Required work | Drop all images. Then write out each line below exactly as given.

[Exercise materials Boundary: Start]

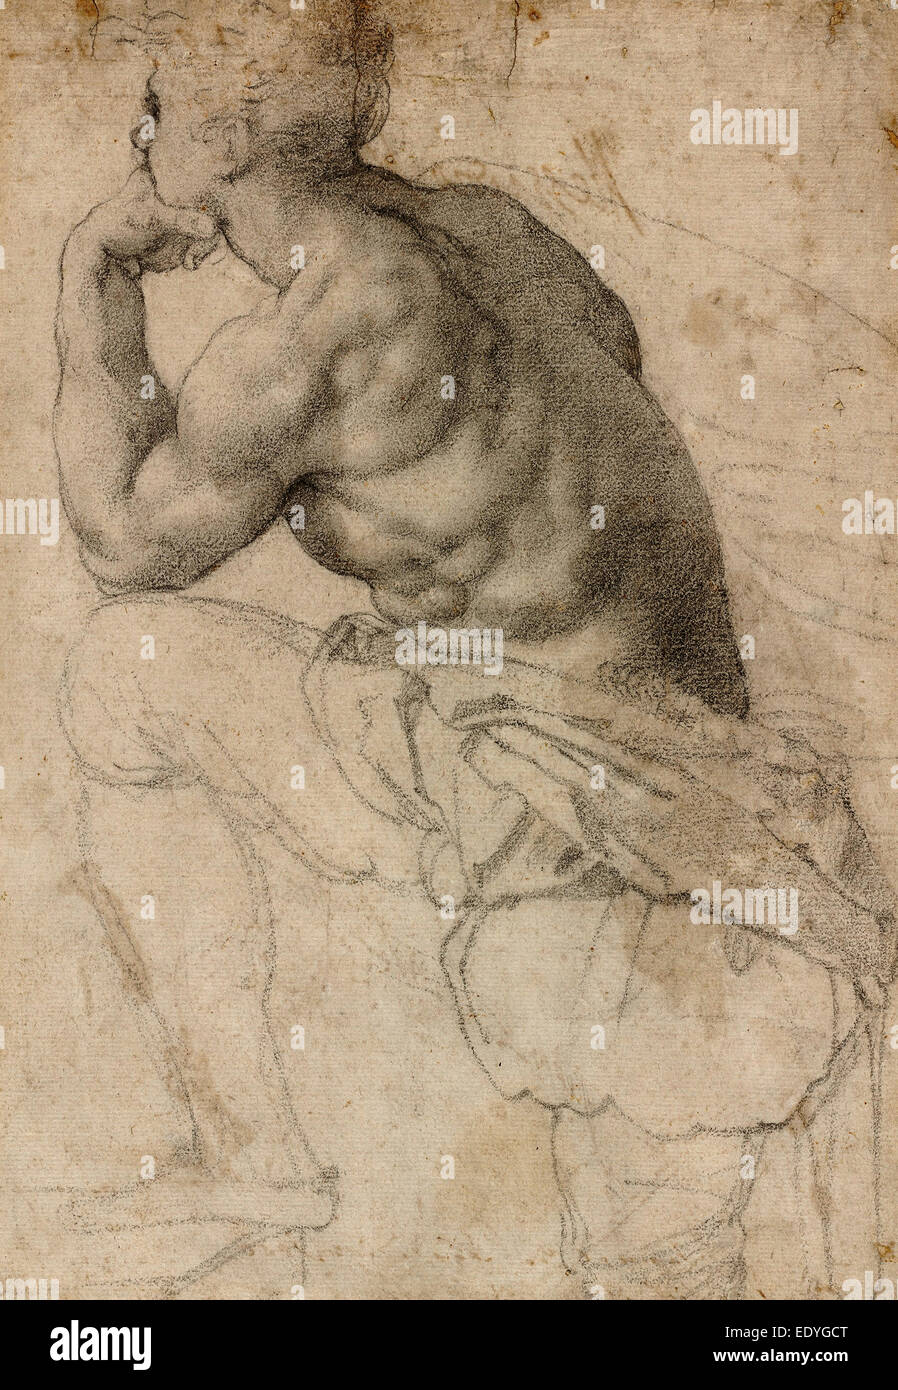 Alessandro Allori, A Pearl Diver, Italian, 1535 - 1607, c. 1570, black chalk on laid paper Stock Photo
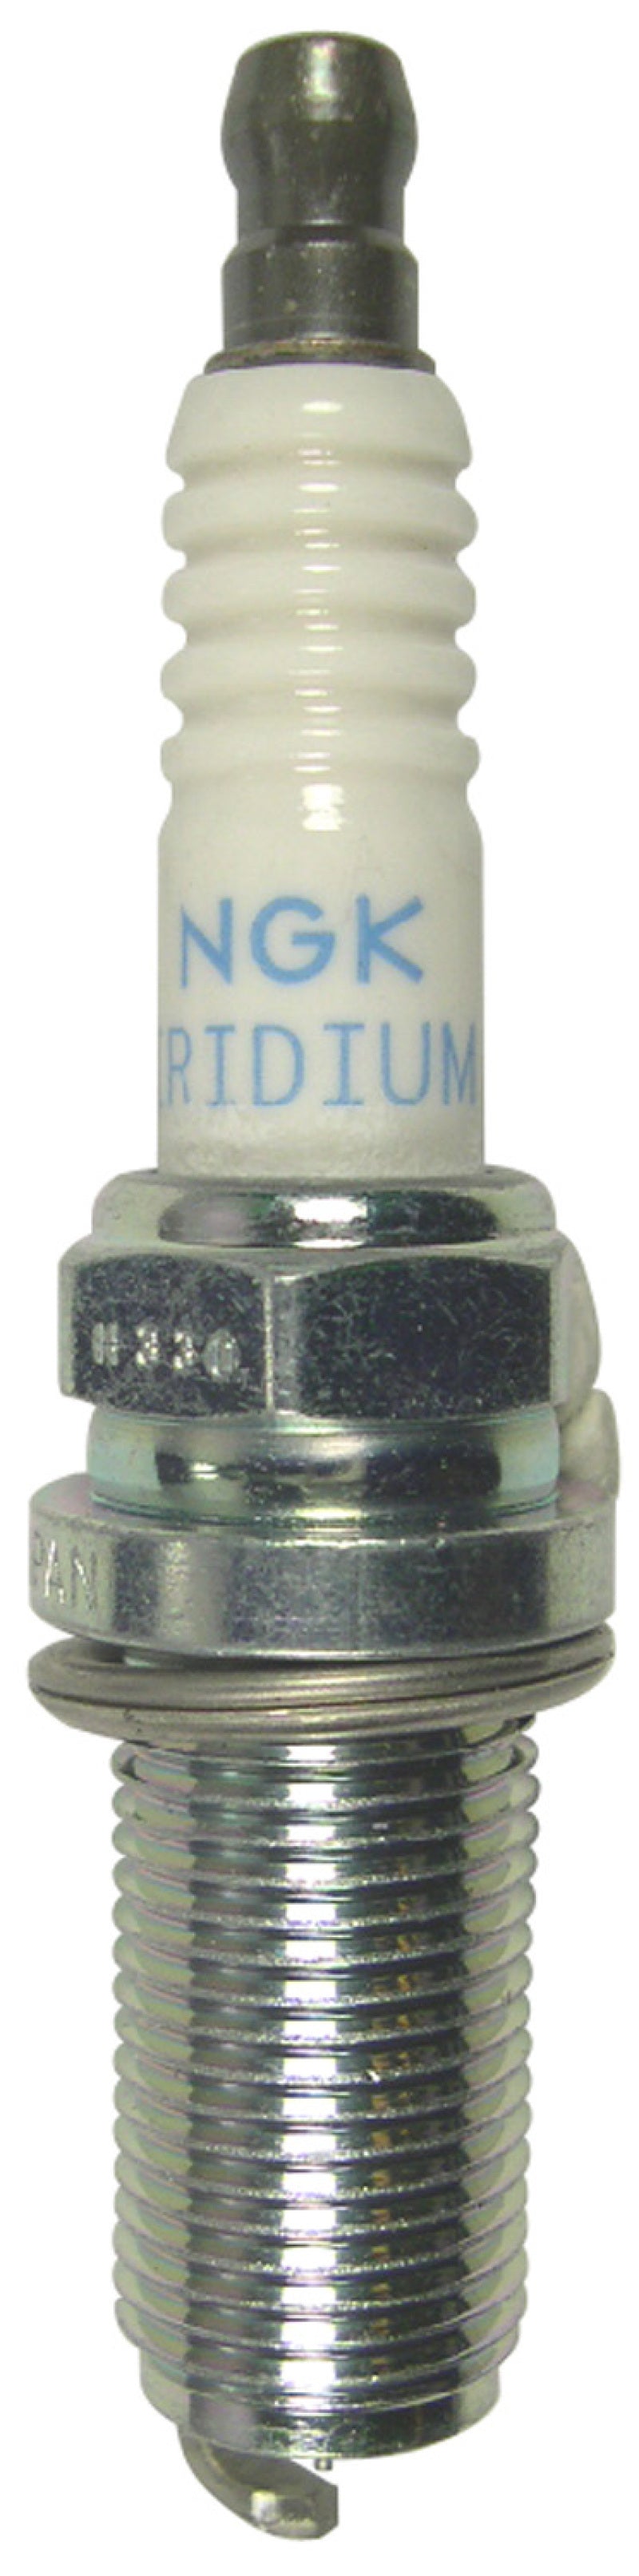 NGK Iridium Racing Spark Plug Box of 4 (R7437-9) -  Shop now at Performance Car Parts
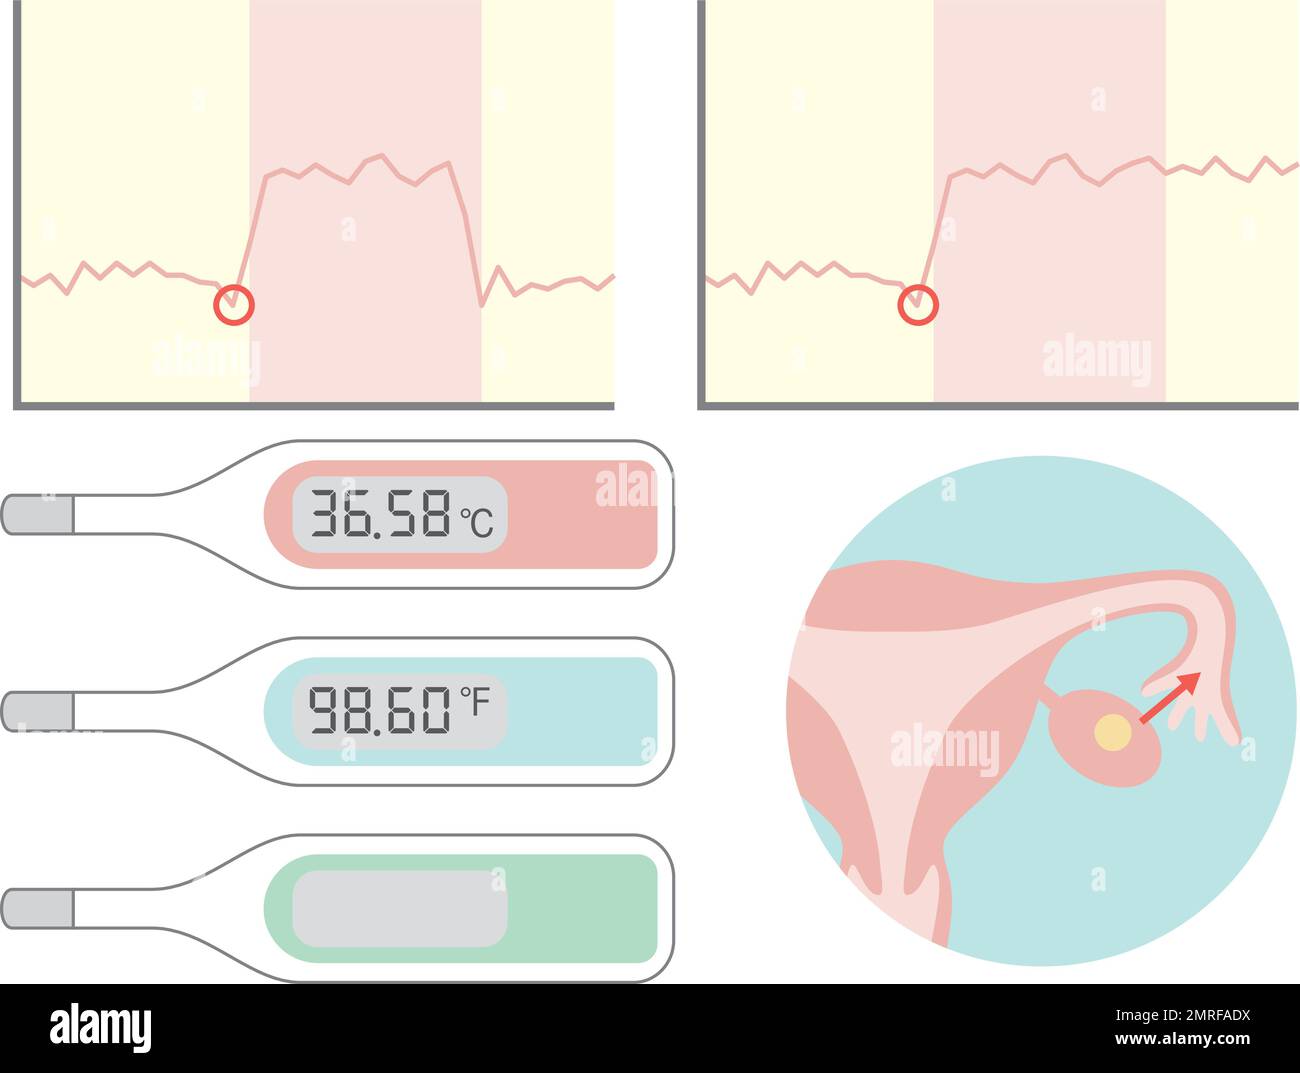 Thermomètre basal et graphique de température corporelle basale. Illustration de la grossesse et de l'accouchement. Illustration de Vecteur
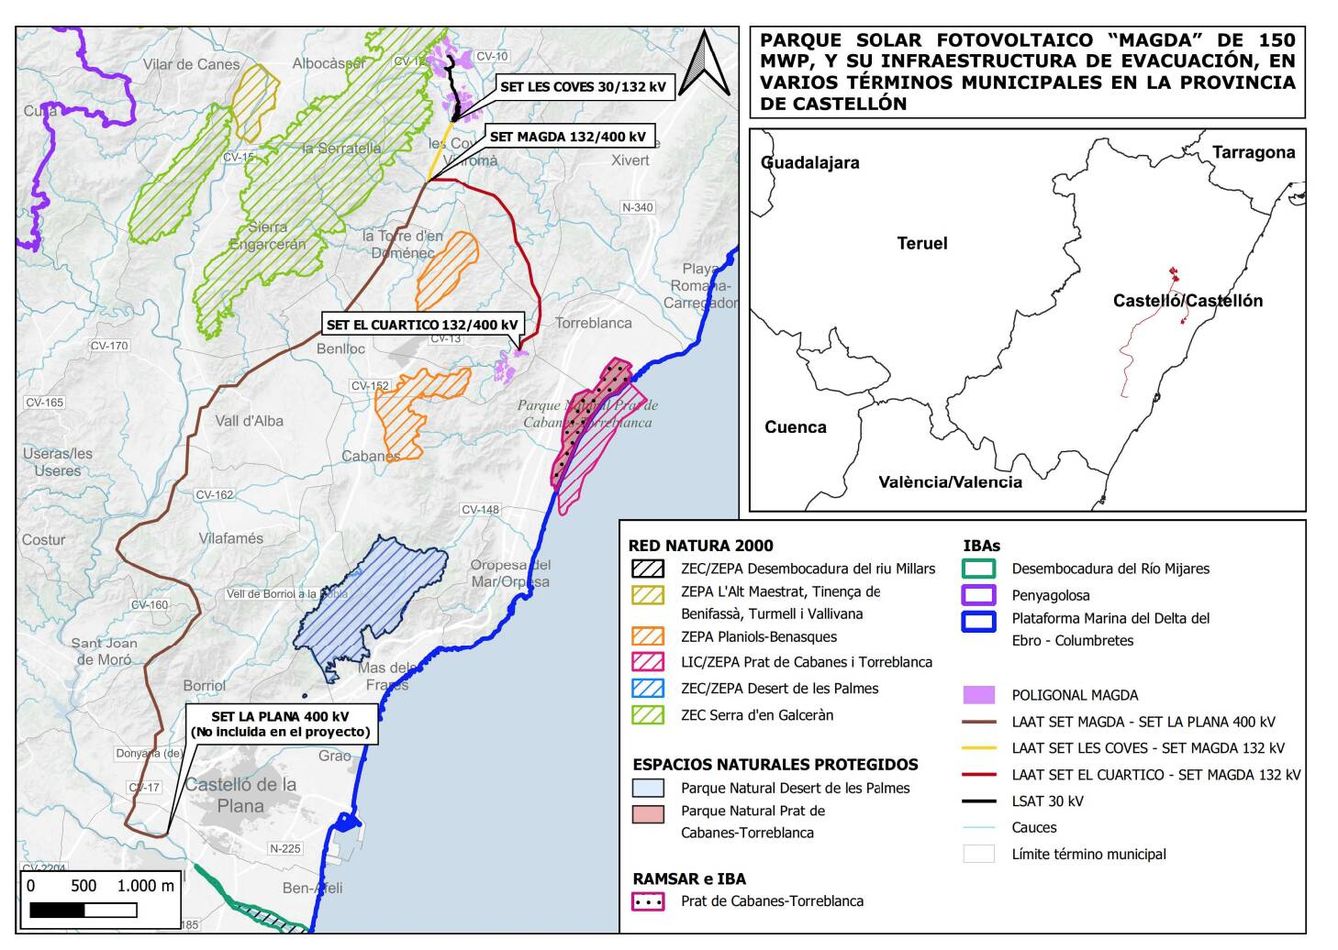 El proyecto (trama violeta) Magda sobre la provincia de Castelló, con las líneas de evacuación (marrón y roja).
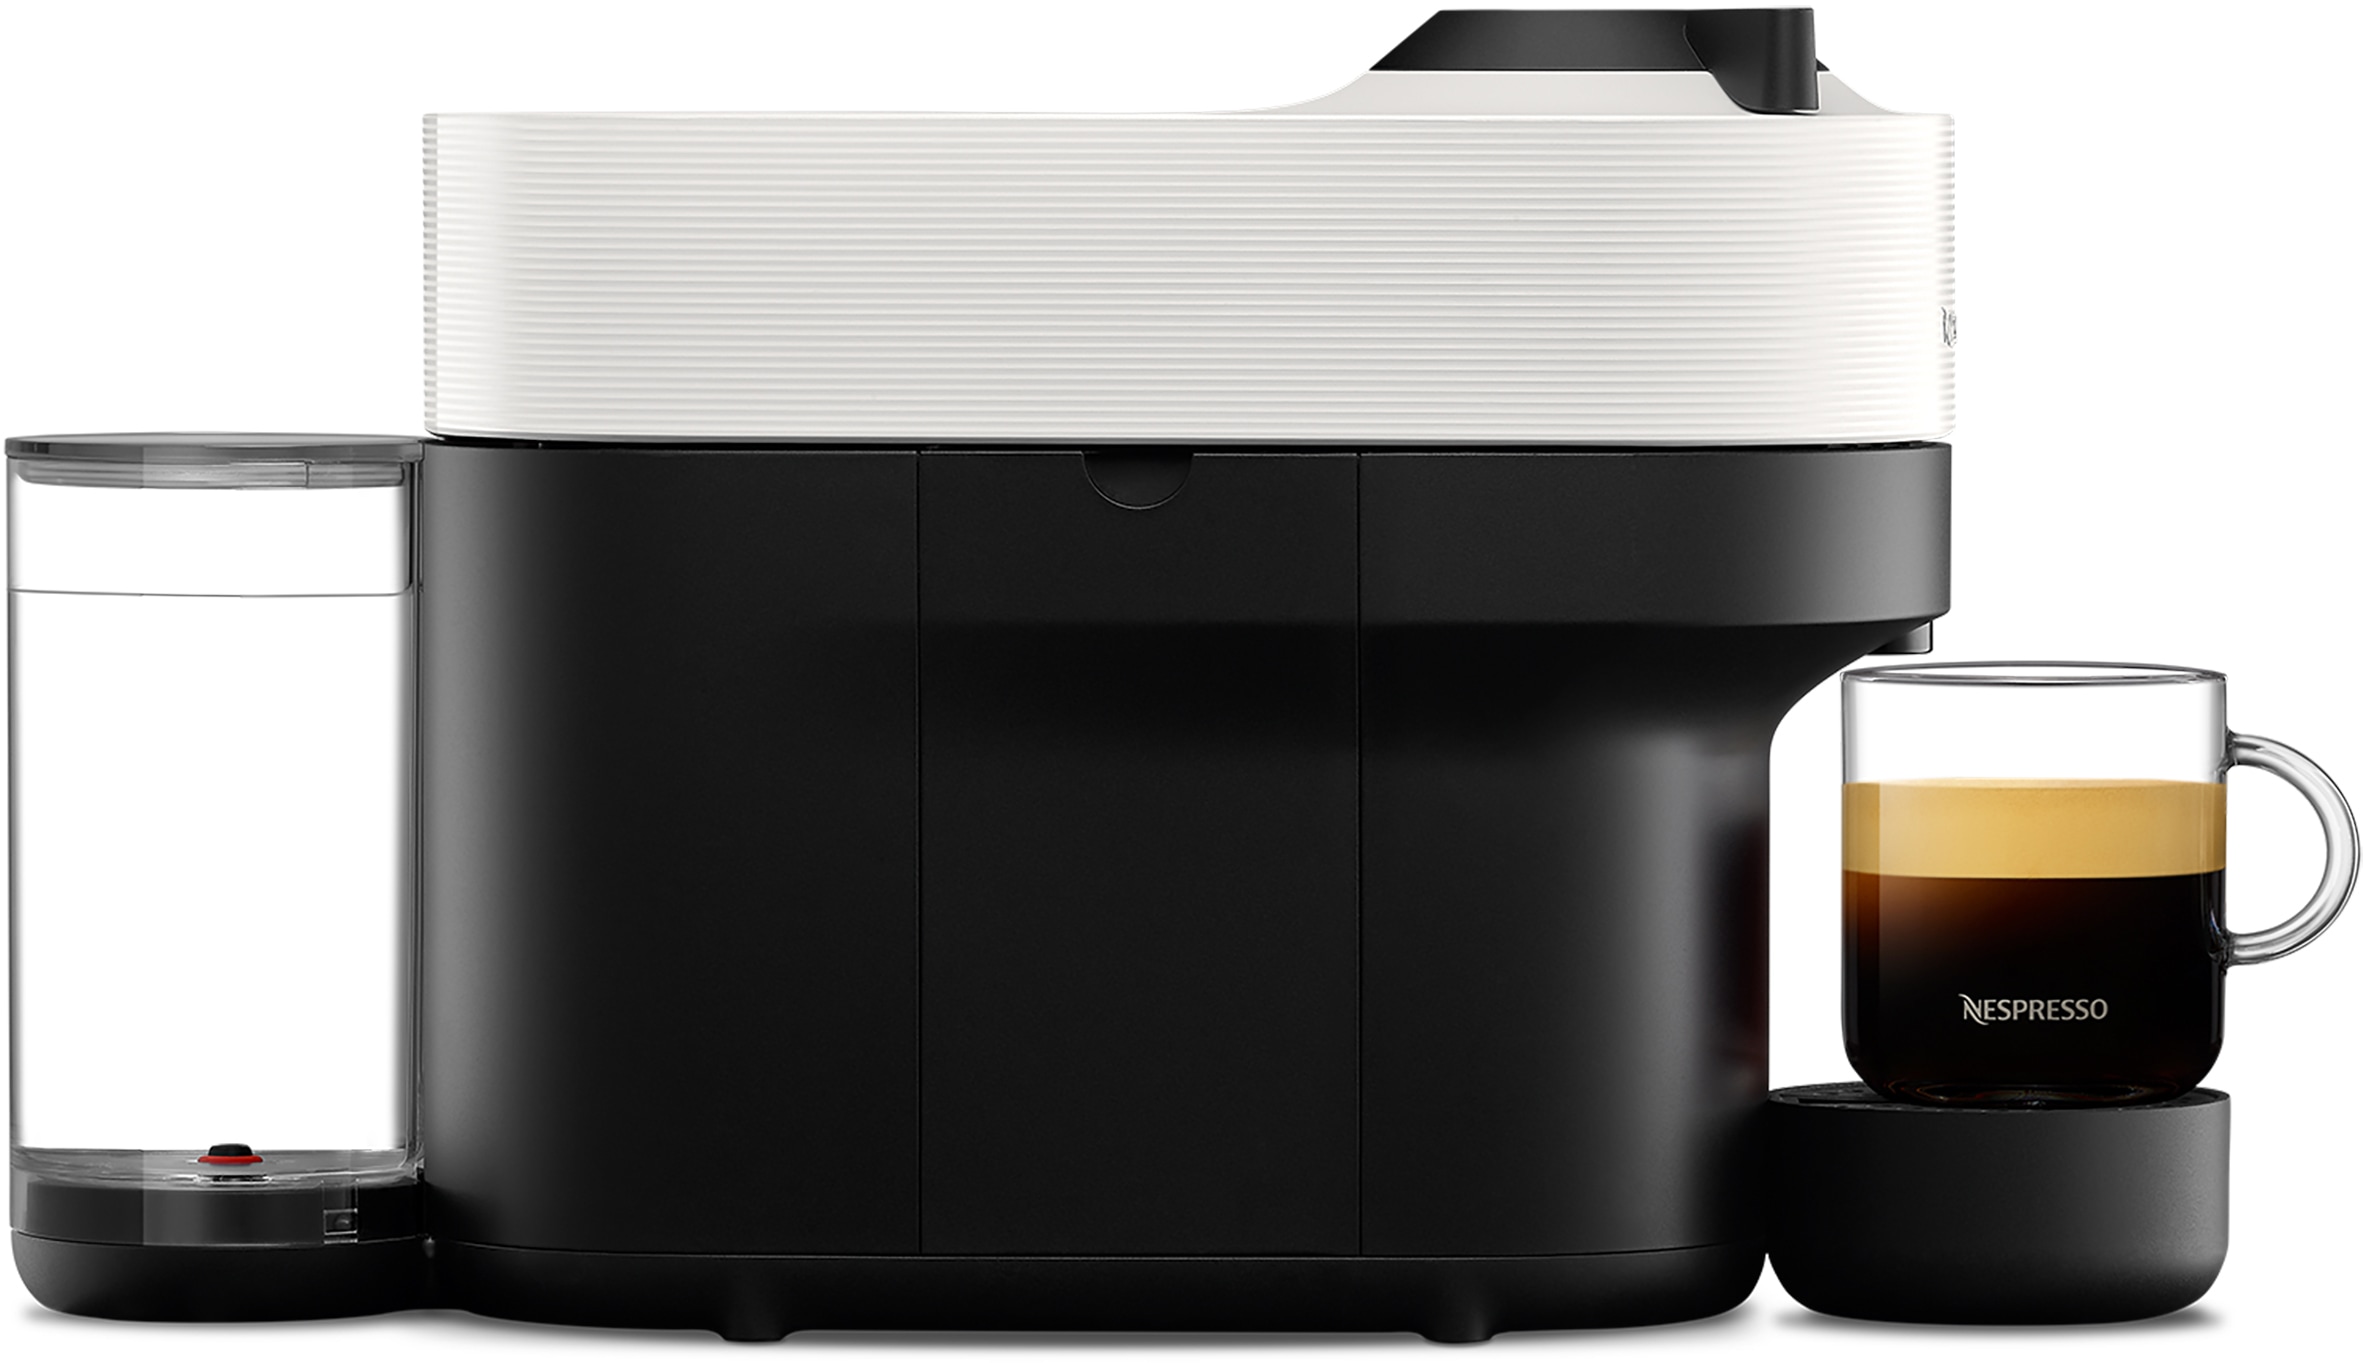 Nespresso Kapselmaschine »Vertuo Pop XN9201 von Krups«, 560 ml Kapazität, aut. Kapselerkennung, One-Touch, 4 Tassengrößen

[Exercise materials Boundary: End]

Written response |
 Alessandro Allori, A Pearl Diver, Italian, 1535 - 1607, c. 1570, black chalk on laid paper Stock Photo
 NGK Iridium Racing Spark Plug Box of 4 (R7437-9) -  Shop now at Performance Car Parts
 Thermomètre basal et graphique de température corporelle basale. Illustration de la grossesse et de l'accouchement. Illustration de Vecteur
 El proyecto (trama violeta) Magda sobre la provincia de Castelló, con las líneas de evacuación (marrón y roja).
 Nespresso Kapselmaschine »Vertuo Pop XN9201 von Krups«, 560 ml Kapazität, aut. Kapselerkennung, One-Touch, 4 Tassengrößen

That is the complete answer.